Bob Shea

Personal information
- Born: September 11, 1924 Mystic, Connecticut, U.S.
- Died: January 27, 2015 (aged 90) Hingham, Massachusetts, U.S.
- Listed height: 6 ft 2 in (1.88 m)
- Listed weight: 194 lb (88 kg)

Career information
- High school: Stonington (Stonington, Connecticut)
- College: Rhode Island (1943–1946)
- Playing career: 1946–1947
- Position: Forward
- Number: 15

Career history
- 1946–1947: Providence Steamrollers
- Stats at NBA.com
- Stats at Basketball Reference

= Bob Shea =

American basketball player

Robert Francis Shea (September 11, 1924 – January 27, 2015) was an American professional basketball player. He played for the Providence Steamrollers in the Basketball Association of America during the 1946–47 season. He averaged 2.2 points and 0.1 assists per game.

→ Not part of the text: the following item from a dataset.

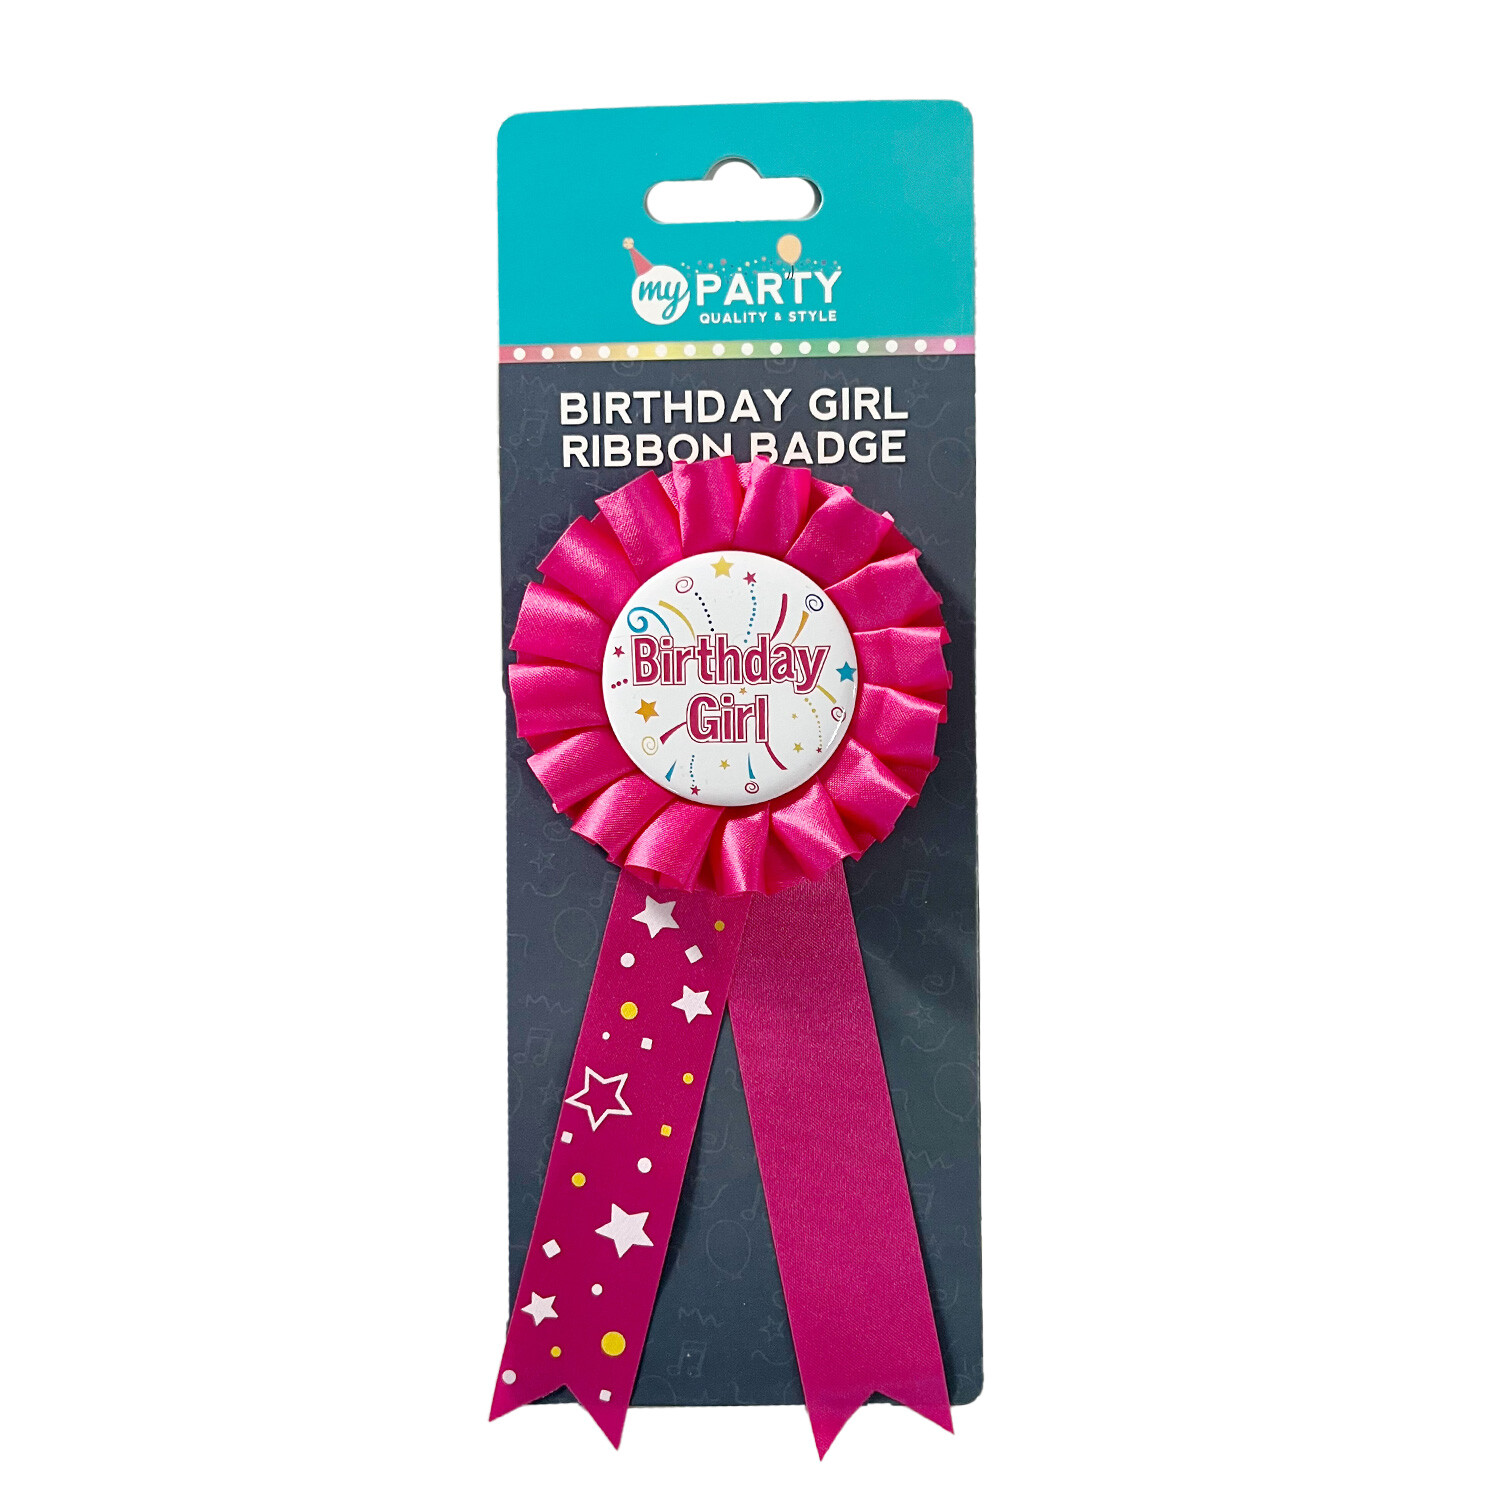 Birthday Girl Ribbon Badge - Pink Image

Born in Mystic, Connecticut, Shea attended Stonington High School where he played football. When the school added a basketball team in 1939, he had never even held a basketball until he appeared at the try-out. After starring at Stonington, he attended the University of Rhode Island (known then as Rhode Island State College), playing basketball under coach Frank Keaney. Shea was the co-captain for the 1946 squad that lost the NIT championship game to Kentucky. He was inducted into the URI athletic hall of fame in 1979.

After college, Shea went on to play professionally for the Providence Steamrollers in the inaugural season of the Basketball Association of America, which a few years later became the National Basketball Association. On November 2, 1946, the BAA's opening night, Shea scored the first basket of the game against the Boston Celtics. He went on to play in 43 games that season, scoring 93 points.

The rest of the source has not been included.